§ WHAT THE TASK ASKS
The required result is every line of the records that includes "white".

********************

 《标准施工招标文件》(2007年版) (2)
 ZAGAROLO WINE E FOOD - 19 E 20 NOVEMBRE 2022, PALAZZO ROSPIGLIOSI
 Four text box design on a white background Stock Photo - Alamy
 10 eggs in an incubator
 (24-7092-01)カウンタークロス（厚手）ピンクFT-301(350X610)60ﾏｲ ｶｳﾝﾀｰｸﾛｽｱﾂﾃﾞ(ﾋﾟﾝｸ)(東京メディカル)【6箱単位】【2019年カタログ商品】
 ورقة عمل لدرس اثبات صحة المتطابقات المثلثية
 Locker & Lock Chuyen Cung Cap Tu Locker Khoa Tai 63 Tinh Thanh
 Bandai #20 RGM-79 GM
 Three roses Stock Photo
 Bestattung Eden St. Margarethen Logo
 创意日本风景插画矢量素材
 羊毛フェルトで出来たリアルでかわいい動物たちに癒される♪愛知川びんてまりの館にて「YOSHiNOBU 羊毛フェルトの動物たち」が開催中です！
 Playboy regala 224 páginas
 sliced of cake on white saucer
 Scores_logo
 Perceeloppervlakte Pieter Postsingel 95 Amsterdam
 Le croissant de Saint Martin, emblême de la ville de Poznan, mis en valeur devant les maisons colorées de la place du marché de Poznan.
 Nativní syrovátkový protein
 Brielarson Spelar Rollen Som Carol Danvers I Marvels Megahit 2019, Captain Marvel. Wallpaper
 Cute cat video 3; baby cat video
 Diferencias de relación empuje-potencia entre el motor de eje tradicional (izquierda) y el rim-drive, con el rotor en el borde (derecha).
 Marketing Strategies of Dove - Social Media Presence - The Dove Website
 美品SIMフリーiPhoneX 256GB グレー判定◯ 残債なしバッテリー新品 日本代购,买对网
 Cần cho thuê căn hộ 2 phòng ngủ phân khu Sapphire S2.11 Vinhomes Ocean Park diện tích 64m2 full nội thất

********************

§ EXERCISE RESULT
 Four text box design on a white background Stock Photo - Alamy
 sliced of cake on white saucer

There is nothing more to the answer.